Levels of TcRad51 affect T. cruzi growth and DNA repair after gamma irradiation
In a previous report, we showed that overexpression of TcRAD51 leads to an increased efficiency of DNA repair of shattered chromosomes caused by gamma irradiation [7]. To further examine this observation, we asked if decreasing the levels of TcRad51 would promote an effect on the recombination levels in T. cruzi. We compared TcRAD51+/- and WT cells after parasite exposure to 500 Gy of gamma radiation (Fig 2). Despite presenting similar growth rates in the absence of induced DNA damage, cells presented a distinct pattern of growth after exposure to gamma radiation. Immediately after irradiation, both WT and TcRAD51-/+ cells ceased dividing, although the number of cells did not decrease significantly. In WT, cells growth arrest persisted for 6 d, by the end of which cellular division resumed. In contrast, TcRAD51+/- cells presented a considerable delay in growth recovery, with an increase in cell concentration only observed around 12 d after gamma irradiation. Indeed, the number of cells appeared to decrease to some extent until day 12 after induced DNA damage. A PFGE was performed, and chromosomes from WT, TcRAD51ox, and TcRAD51+/-, after treatment with gamma radiation (500 Gy), were clearly separated and ranged in size from 225 to 2,200 Kb (Fig 2B). Chromosomal profile differed among T. cruzi samples analyzed after gamma irradiation. Interestingly, TcRAD51ox parasites rapidly repair their chromosomes, presenting visible intact DNA content 24 h after exposure to gamma radiation; in contrast, TcRAD51+/- parasites do not repair their chromosomes even 96 h after being exposed to gamma radiation. WT parasites repair their chromosomes since chromosome bands are observed after 96 h of gamma irradiation. These results confirm that the overexpression of TcRAD51 increases the resistance against gamma irradiation and that one TcRAD51 allele is sufficient to increase sensitivity to this genotoxic agent. Taken together, these results indicate a major role of TcRad51 in the repair of DSBs in T. cruzi DNA.
To investigate the role of TcRad51 in the repair of HU-induced replicative stress in WT cells and TcRAD51+/- mutants, T. cruzi cells were treated with 20mM of this agent for 24 h (Fig 2C).
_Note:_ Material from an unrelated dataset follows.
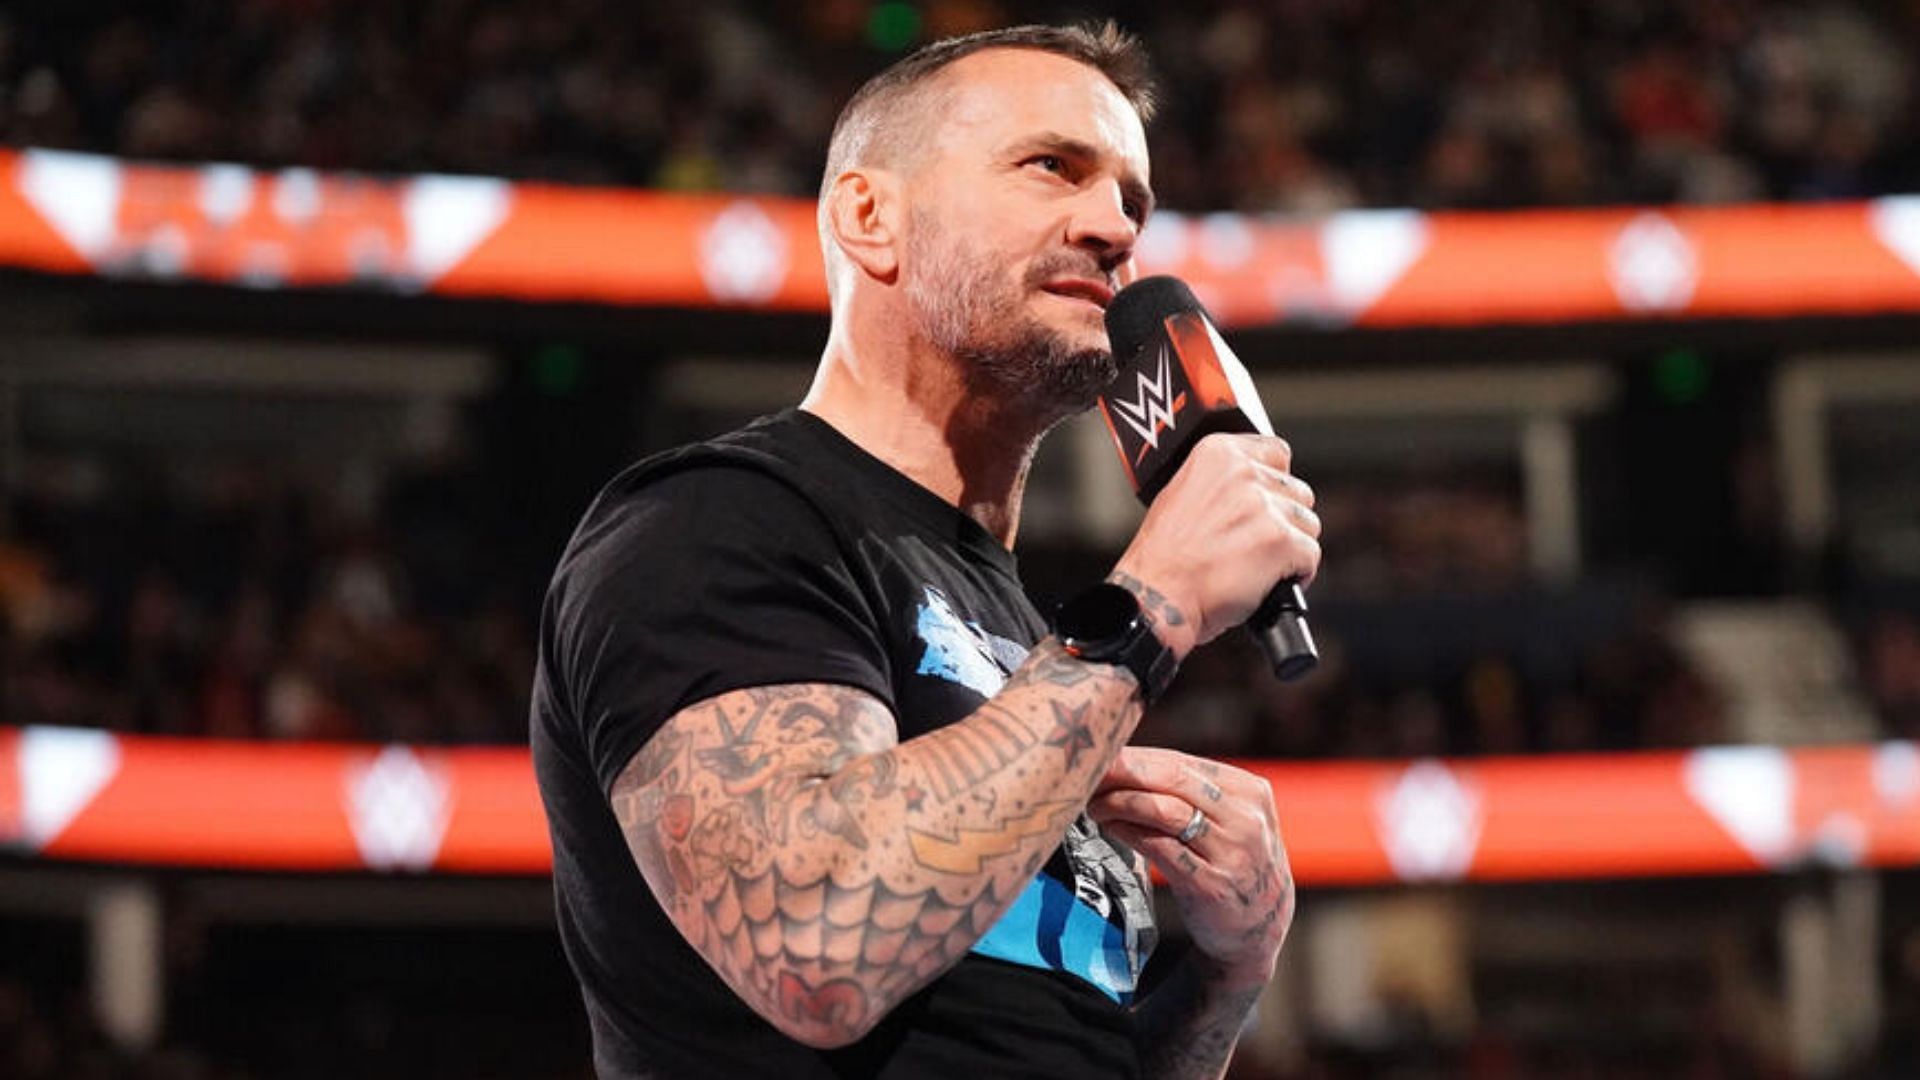 Punk is currently out of action with an injury.

No difference was observed when we used other doses of HU (S2 Fig). Both cell types exhibited the same growth profile, which suggests that TcRad51 is not important for the repair of this kind of DNA damage. Methylating agents, like MMS, produce several types of DNA adducts, which induce replication-dependent DSBs [26]. To study the role of TcRad51 in the repair of MMS-induced DNA damage, WT and TcRAD51+/- cells were treated with 1.5 mM MMS for 60 min. TcRAD51+/- cells showed a delayed recovery after the treatment in relation to WT cells (Fig 2D). In order to verify if the generation of DSB’s resulted from the exposure to MMS and HU, a Western blot was performed with the same amount of drugs used in the curves: both MMS and HU treatments were able to increase H2A, a marker for double-strand breaks, in WT cells and TcRAD51+/- mutants (Fig 2E and 2F). Interestingly, the MMS treatment led to an increased amount of H2A in TcRAD51+/- cells when compared to the WT strain; this result suggests that TcRad51 is necessary to cope with replicative stress generated by MMS. Since the level of H2A does not differ between WT cells and TcRAD51+/- mutants after HU treatment, we suggest that TcRad51 is not involved in the repair of lesions promoted by HU.
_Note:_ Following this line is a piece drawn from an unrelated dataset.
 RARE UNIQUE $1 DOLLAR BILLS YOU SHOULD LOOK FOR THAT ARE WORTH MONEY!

Kinetics of TcRad51 immunolocalization after exposure to gamma radiation
To investigate the kinetics of TcRad51 function in the repair of DSBs in T. cruzi, we performed the immunolocalization of TcRad51. WT, TcRAD51+/- and TcRAD51ox cells were analyzed at different times (0, 1, 4, 24, 48 and 72 h) after exposure to 500 Gy of gamma radiation. Fig 3A shows a low detectable TcRad51 signal prior to irradiation in WT and TcRAD51+/- cells compared to visible foci seen in TcRAD51ox parasites. Following the damage, a progressive accumulation of TcRad51 was observed in the nucleus, with discreet foci formation after 24 h of damage, as previously shown for T. brucei after phleomycin treatment [27]. A less intense staining accumulation throughout the nucleus was verified for TcRAD51+/- cells in comparison to the other cell lines. TcRAD51ox cells presented higher fluorescence intensity before radiation compared to WT cells, though maximal signal levels were similar for both of them 24 h after irradiation (Fig 3A, lower panel). We were able to detect TcRad51 in the nuclei of parasites at all time points analyzed (Fig 3B). TcRad51 fluorescence signal reached the highest level after 24 h and began to decrease thereafter in WT and TcRAD51ox cells (Fig 3B middle and right panels). S3 Fig shows fluorescence images representing nuclei localization over time in all cells after gamma irradiation. In contrast, TcRAD51+/- cells presented a delay in TcRad51 accumulation in the nucleus after radiation, with maximum signal only apparent after 48 h (Fig 3B); in addition, in these parasites, the levels of fluorescence were not comparable to those observed in WT cells. Taken together, these data suggest that decreasing or increasing the levels of TcRad51 result in changes in the kinetics of localization of this protein in the nucleus after radiation damage.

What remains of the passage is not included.